Our educational platform is susceptible to unauthorized use, copyright violations and unauthorized copying and distribution (whether by students, schools or otherwise), theft, employee fraud and other similar breaches and violations. These occurrences may harm our business and consequently negatively impact our results of operations. Additionally, we may be required to employ a significant number of resources to combat such occurrences and identify those responsible.
The legal system of the PRC is not fully developed and there are inherent uncertainties that may affect the protection afforded to our business.
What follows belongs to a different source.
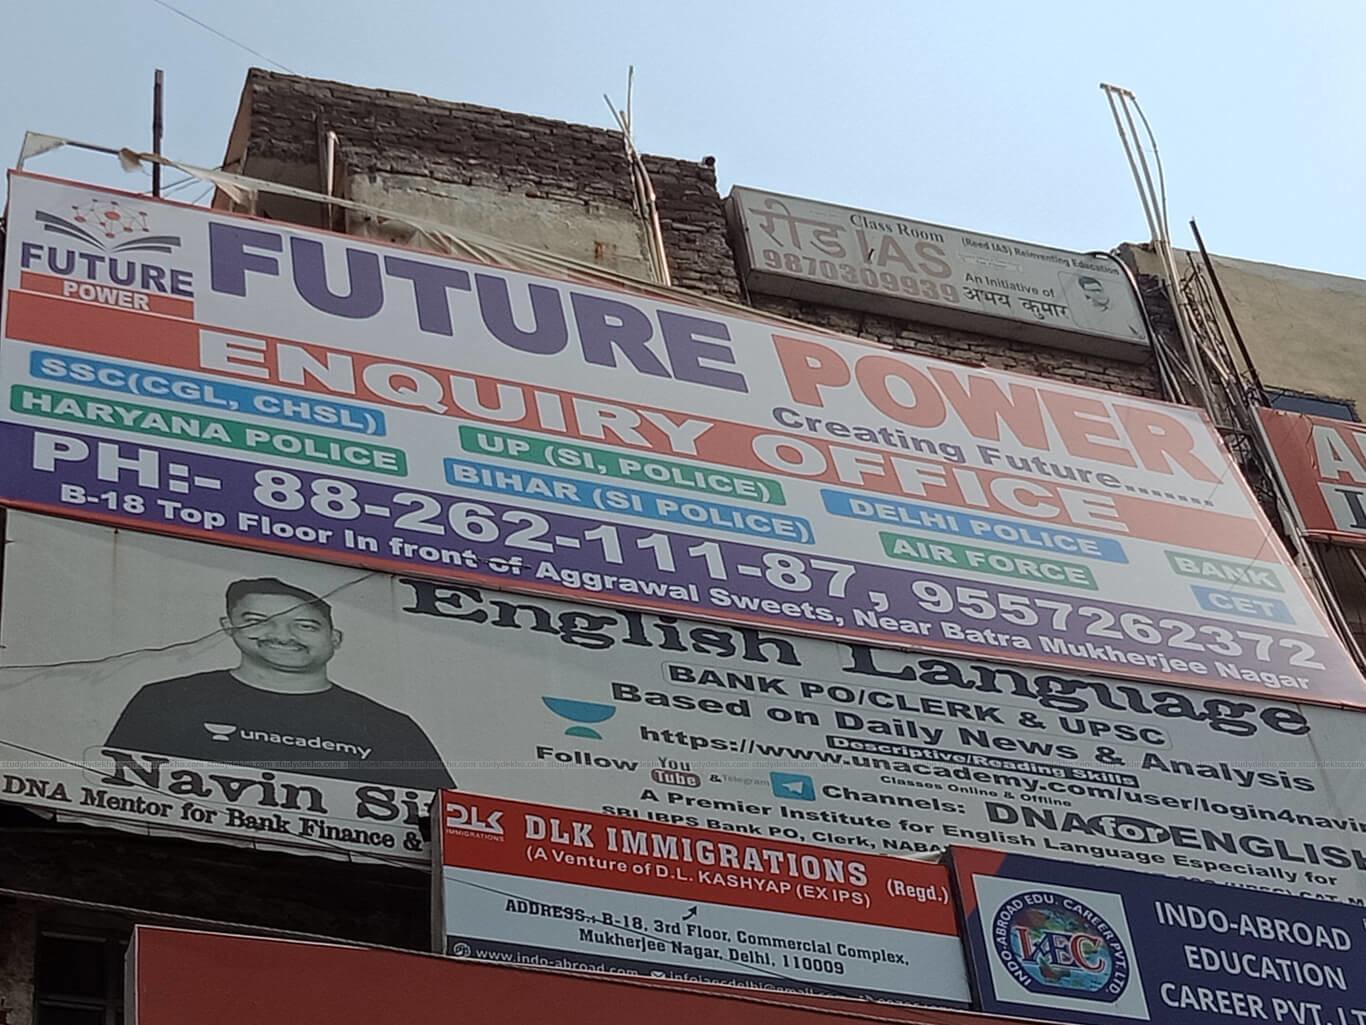 FUTURE POWER Logo

Although a decreasing portion of our revenue is derived from business that we do in the PRC, and that percentage is expected to continue to decrease, as long as a portion of our revenue and other business activities are derived from business in the PRC, our activities in the PRC are and will be governed by the PRC legal system that is based on written statutes. Prior court decisions may be cited for reference but have limited precedential value. Since the late 1970s, the PRC government has promulgated laws and regulations dealing with economic matters such as foreign investment, corporate organization and governance, commerce, taxation and trade. However, as these laws and regulations are relatively new and continue to evolve, interpretation and enforcement of these laws and regulations involve significant uncertainties and different degrees of inconsistency. Some of the laws and regulations are still in the developmental stage and are therefore subject to policy changes. Many laws, regulations, policies and legal requirements have only been recently adopted by PRC central or local government agencies, and their implementation, interpretation and enforcement may involve uncertainty due to the lack of established practice available for reference. We cannot predict the effect of future legal developments in the PRC, including the promulgation of new laws, changes in existing laws or their interpretation or enforcement, or the pre-emption of local regulations by national laws. As a result, as long as a portion of our revenue is derived from business that we do in the PRC, there is substantial uncertainty as to the legal protection available to us relating to such business. Moreover, due to the limited volume of published cases and the non-binding nature of prior court decisions, the outcome of dispute resolution may not be as consistent or predictable as in other more developed jurisdictions, which may limit the legal protection available to us. In addition, any litigation in the PRC may be protracted and result in substantial costs and the diversion of resources and management attention.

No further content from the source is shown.